Pancreatic Disease
Acute Pancreatitis
Acute Pancreatitis
1. Aetiology
- Acute pancreatitis is caused by the premature activation of pancreatic enzymes within the pancreas, resulting in autodigestion of pancreatic tissue and surrounding structures.
- This leads to inflammation, oedema, haemorrhage, and in severe cases, necrosis. Common aetiologies include:
1.1 Gallstones
- Gallstones obstructing the common bile duct or the ampulla of Vater increase pancreatic ductal pressure and trigger enzyme activation.
1.2 Alcohol
- Chronic alcohol consumption (>100g/day for >3–5 years) leads to protein plug formation in small ductules, resulting in duct obstruction and intrapancreatic enzyme activation.
- Binge drinking can also directly stimulate enzyme release.
1.3 Other Causes
- Mechanical/Structural: ERCP (5–15% post-procedure), trauma, pancreatic or periampullary tumours, sphincter of Oddi dysfunction, pancreas divisum.

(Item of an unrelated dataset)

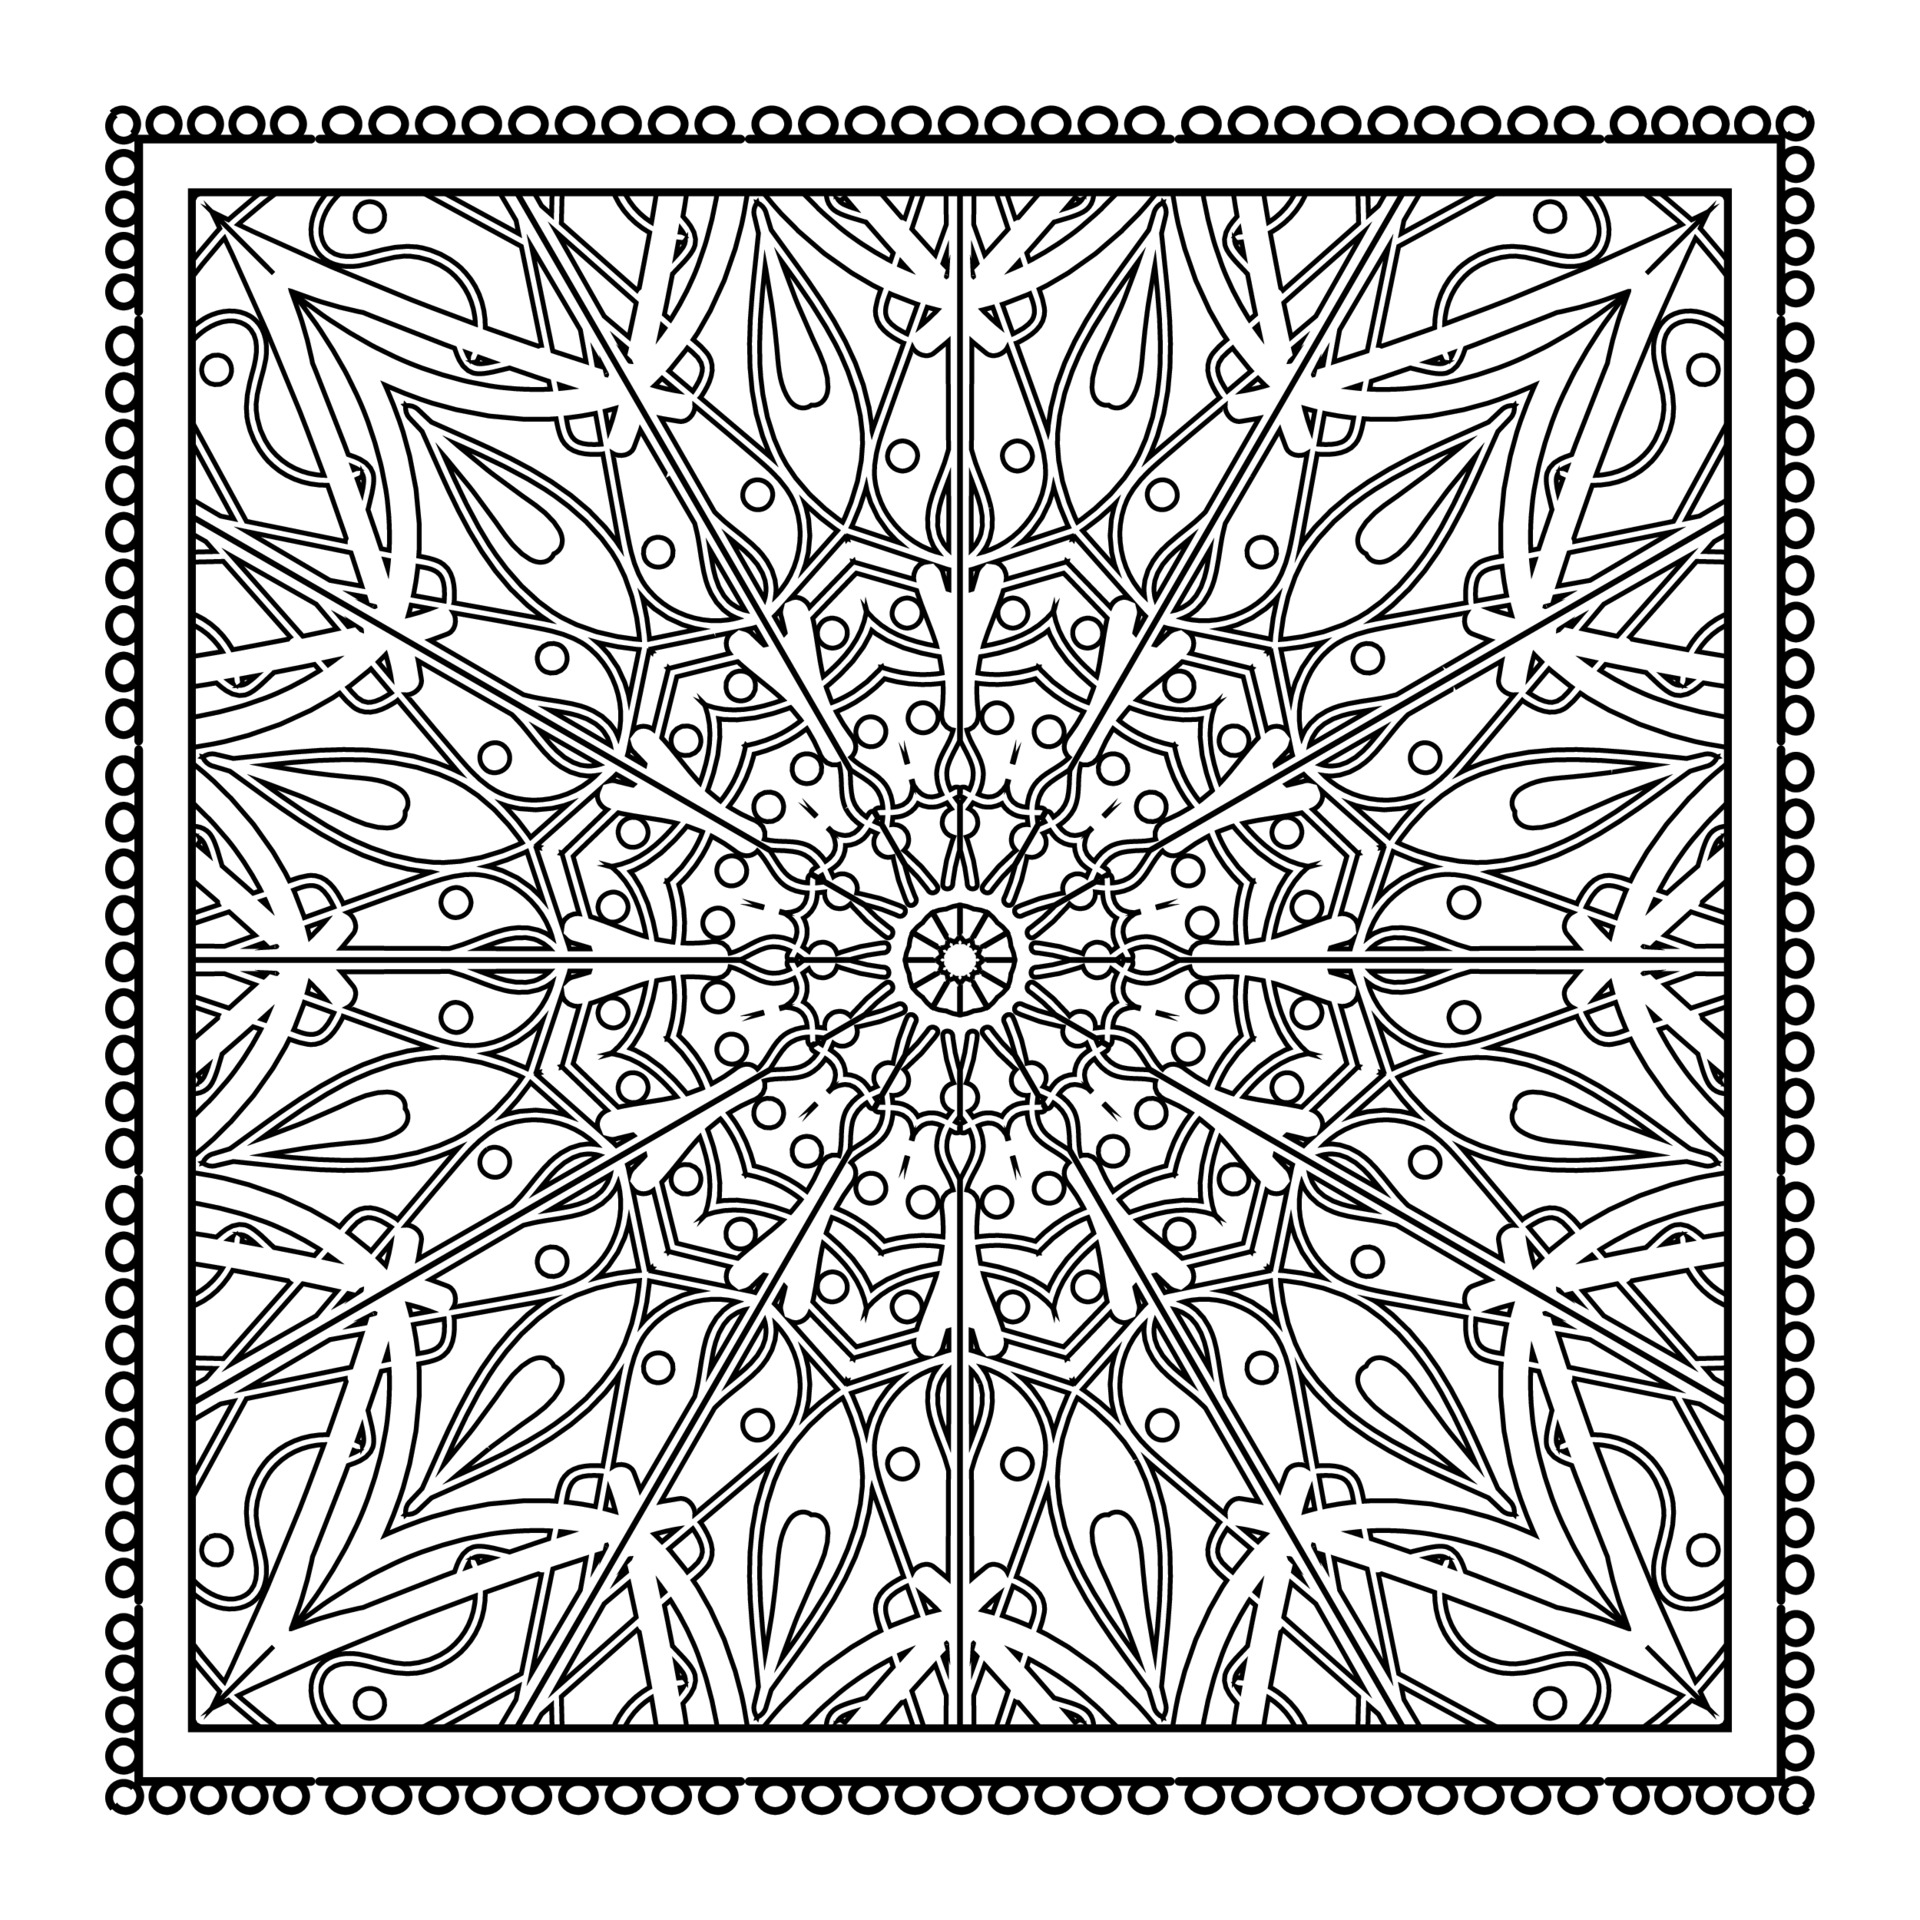 Outline square flower pattern in mehndi style for coloring book page ...

- Metabolic: Hypertriglyceridaemia, hypercalcaemia (including in hyperparathyroidism).
- Drugs: Azathioprine, diuretics (e.g. frusemide), tetracyclines, sodium valproate, steroids, sulphonamides, isoniazid, ACE inhibitors.
- Infectious: Mumps, coxsackie B virus, cytomegalovirus.
- Other: Autoimmune pancreatitis, pregnancy, post-transplantation, scorpion venom, ischaemia.
Mnemonic: GET SMASHED — Gallstones, Ethanol, Trauma, Steroids, Mumps, Autoimmune, Scorpion sting, Hyperlipidaemia/hypercalcaemia, ERCP/embolism, Drugs.
2. Epidemiology
- Incidence in the UK: up to 80 per 100,000 people annually.
- The condition is increasing in incidence, likely due to higher alcohol consumption and improved diagnostic tools.
- Mortality rate: ~5–10%.
- Early deaths (first 2 weeks): linked to multiorgan failure.
- Late deaths: due to septic complications, especially infected necrosis.
3. Pathophysiology
- Enzyme-mediated autodigestion starts with premature activation of trypsinogen to trypsin within acinar cells.
- Activated enzymes (trypsin, elastase, phospholipase A2) digest pancreatic parenchyma, fat, and vasculature.
- Fat necrosis causes saponification and may lead to hypocalcaemia.
- Inflammatory cytokines enter systemic circulation, producing systemic inflammatory response syndrome (SIRS), leading to capillary leak, third-spacing, hypotension, ARDS, renal failure, and DIC.
- Local effects include oedema, necrosis, haemorrhage, and formation of fluid collections or pseudocysts.
4. Risk Factors
- Chronic alcohol consumption.
- Gallstones or biliary sludge.
- Previous ERCP procedures.
- Hypertriglyceridaemia or hypercalcaemia.
- Certain medications (see Section 1.3).
- Family history or genetic predisposition (e.g. CFTR mutations).
- Obesity (BMI >30 increases severity risk).
- Smoking.
5. Signs and Symptoms
5.1 Symptoms
- Severe epigastric or central abdominal pain, often radiating to the back.
- Pain may improve when sitting forward; worsens with coughing or movement.
- Nausea and vomiting are common.
- Sudden onset in gallstone-related pancreatitis; gradual in alcohol-related cases.
5.2 Signs
- Tachycardia, tachypnoea, hypotension.
- Fever typically develops within hours.
- Reduced consciousness in severe cases.
- Abdominal tenderness and guarding; sometimes generalised peritonitis.
- Cullen’s sign: Periumbilical bruising.
- Grey-Turner’s sign: Flank bruising.
- Distended abdomen, hypoactive bowel sounds.
- Pleural effusions or basal crackles may occur due to systemic inflammation.
6. Investigations
6.1 Initial Blood Tests
- Serum amylase: Typically >3x normal but may fall after 48 hours.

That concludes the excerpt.